# Lecture 5: conditional probability

## Conditional probability

Definition: If $$A$$ and $$B$$ are events, then the probability of A given B, written $$Pr(A|B)$$ is given by $Pr(A|B) := \frac{Pr(A \cap B)}{Pr(B)}$ Note that $$Pr(A|B)$$ is only defined if $$Pr(B) \neq 0$$.

Intuitively, $$Pr(A|B)$$ is the probability of $$A$$ in a new sample space created by restricting our attention to the subset of the sample space where $$B$$ occurs. We divide by $$Pr(B)$$ so that $$Pr(B|B) = 1$$.

Note: $$A|B$$ is not defined, only $$Pr(A|B)$$; this is an abuse of notation, but is standard.

## Probability trees

Using conditional probability, we can draw a tree to help discover the probabilities of various events. Each branch of the tree partitions part of the sample space into smaller parts.

For example: suppose that it rains with probability 30%. Suppose that when it rains, I bring my umbrella 3/4 of the time, while if it is not raining, I bring my umbrella with probability 1/10. Given that I bring my umbrella, what is the probability that it is raining?

One way to model this problem is with the sample space

$S = \{raining (r), not raining (nr)\} \times \{umbrella (u), no umbrella (nu)\} = \{(r,u), (nr,u), (r,nu), (nr,nu)\}$

Let $$R$$ be the event "it is raining". Then $$R = \{(r,u), (r,nu)\}$$. Let $$U$$ be the event "I bring my umbrella". Then $$U = \{(r,u), (nr,u)\}$$.
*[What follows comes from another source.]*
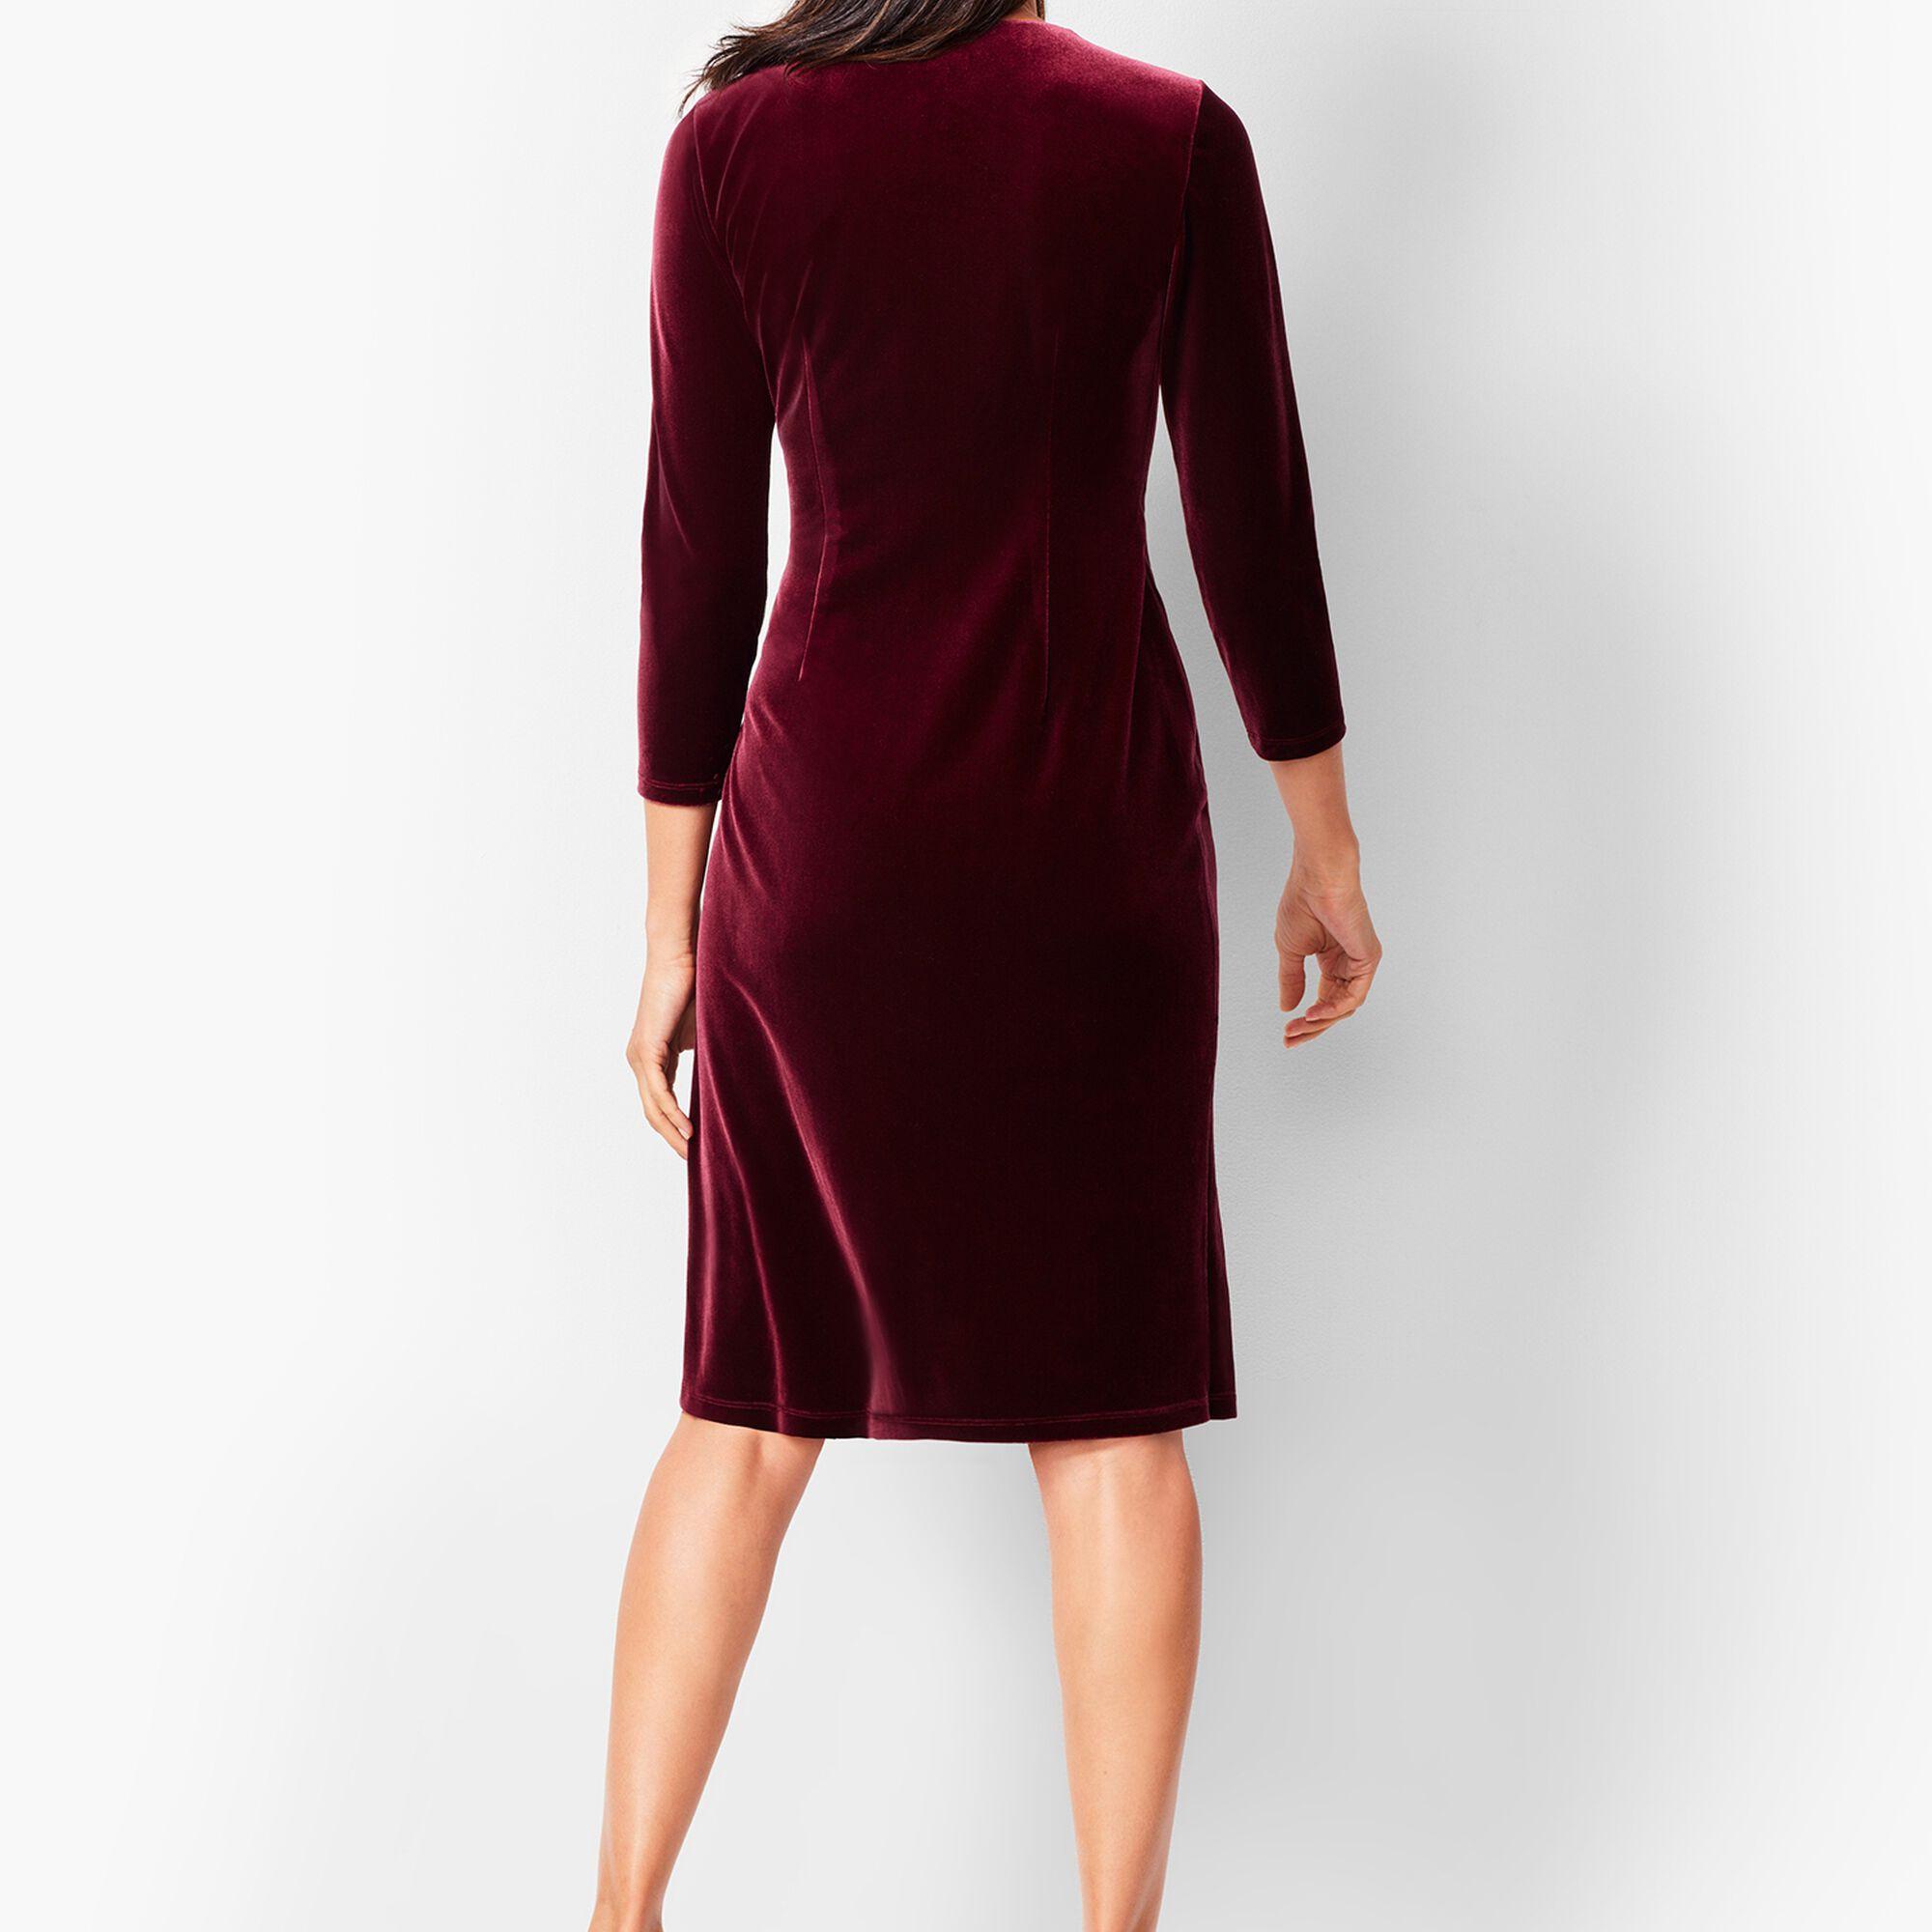 9ca23a0ad3 Velvet Faux-Wrap Sheath Dress Opens a New Window.

The problem tells us that $$Pr(R) = 3/10$$. It also states that $$Pr(U|R) = 3/4$$ while $$Pr(U|\bar{R}) = 1/10$$. We can use the following fact:

Fact: $$Pr(\bar{A}|B) = 1 - Pr(A|B)$$. Proof left as exercise.

to conclude that $$Pr(\bar{U}|R) = 1/4$$ and $$Pr(\bar{U}|\bar{R}) = 9/10$$.

We can draw a tree: Probability tree (LaTeX source)

We can compute the probabilities of the events at the leaves by multiplying along the paths. For example, $Pr(\{(r,u)\}) = Pr(U \cap R) = Pr(R)Pr(U | R) = (3/10)(3/4) = (9/40)$

To answer our question, we are interested in $$Pr(R|U) = Pr(U \cap R)/Pr(U)$$. We know $$U = \{(u,r), (u,nr)\}$$. We can compute $$Pr(U)$$ using the third axiom; $$Pr(U) = Pr(\{(u,r)\}) + Pr(\{(u,nr)\}) = (3/10)(3/4) + (7/10)(1/10)$$. We can then plug this in to the above formula to find $$Pr(R|U)$$.

Note we could also answer this using Bayes's rule and the law of total probability (see below); it would amount to exactly the same calculation. The tree just helps organize all of the variables.

## Bayes's Rule

Bayes's rule is a simple way to compute $$P(A|B)$$ from $$P(B|A)$$.

Claim: (Bayes's rule): $$P(A|B) = P(B|A)P(A)/P(B)$$.

Proof: Write down the definitions; proof left as exercise.

## Law of total probability

Claim: (law of total probability) If $$A_1, \dots, A_n$$ partition the sample space $$S$$ (that is, if $$A_i \cap A_j = \emptyset$$ for $$i \neq j$$ and $$S = \cup A_i$$), then

$Pr(B) = \sum_{i} Pr(B|A_i)Pr(A_i)$

Proof sketch: Write $$B = \cup_{i} (B \cap A_i)$$. Apply third axiom to conclude $$Pr(B) = \sum_{i} Pr(B \cap A_i)$$. Apply definition of $$Pr(B | A_i)$$.